Хотелось сомнениями поделиться с Полиной. Хотя бы немного. Ведь она стала мне подругой. Мудрой подругой. Иногда мне кажется, что она много старше меня. Вот и сейчас она просит не совершать ошибки, которую сложно исправить. Говорит, что брак с нелюбимым - это мучение. Может, она права. Этого не могу знать. Мы разбираем книги в ее магазине. Здесь уютно. Вечер. И можно поговорить по душам, пока никто не мешает. И мне хочется спросить, любила ли она. Кажется, она понимает, что я имею в виду.
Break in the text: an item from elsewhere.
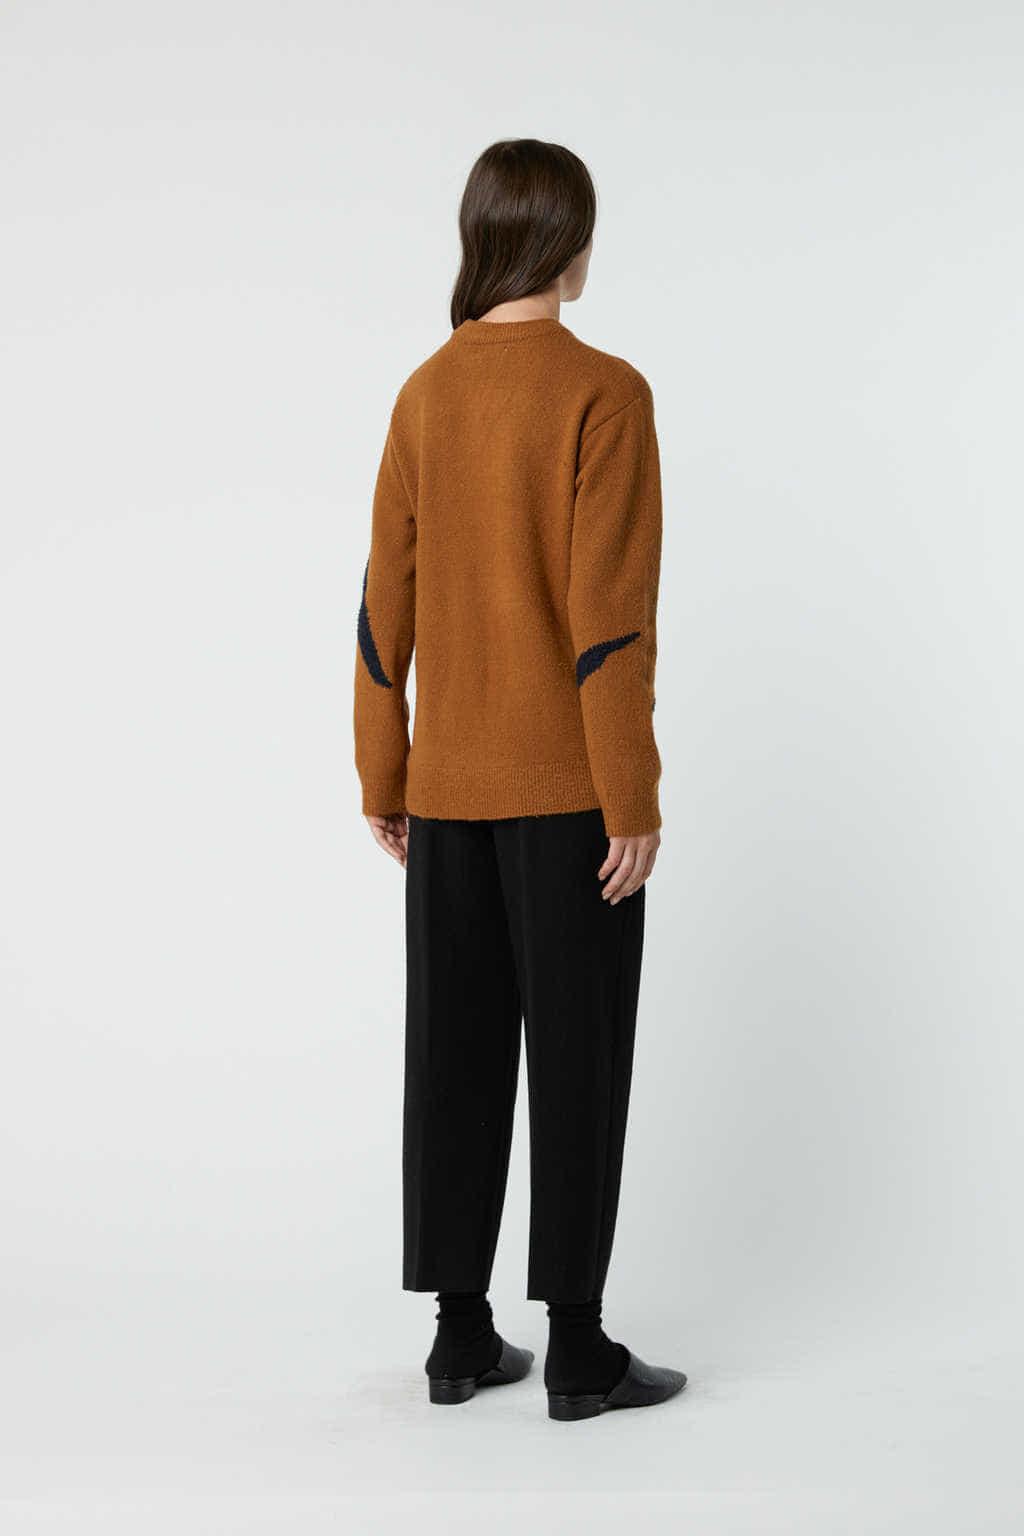 Sweater 2710 Mustard 4

Господи! А это что?! Звон разбитого стекла. За стеной взрыв. Вспыхивает витрина. За окном пламя лижет стены. Дым не дает дышать. Пожар! Черный вход заперт. Мы горим! Нам не выбраться! Полина кричит и пытается выбить дверь. Слышит ли кто-нибудь нас?

Яков

Сообщение о пожаре в книжном магазине моментально вынесло нас из управления. Пожар уже притушили, когда я увидел Анну и Полину в пролетке, перемазанных сажей, дрожащих и напуганных. На сердце отлегло. Живы! Анна жива! Только успела сказать, что их закрыли и подожгли, как появился перепуганный Клюев. Укрыл ее и увез домой. В его заботе было как-то много личного. Не слишком ли быстро он появился? Ну что же. Сейчас пока не до этого. Надо быстро осмотреть все буквально по горячим следам. Сгорела только витрина. Видимо, поджог был бутылками с керосином. Кого хотели напугать? Анну или Полину? Если убить, то витрину нет смысла жечь.

А вот это интересно… На стене рядом с магазином на меня смотрели две нарисованные переплетенные змеи. Это что еще такое? Предупреждение? Угроза?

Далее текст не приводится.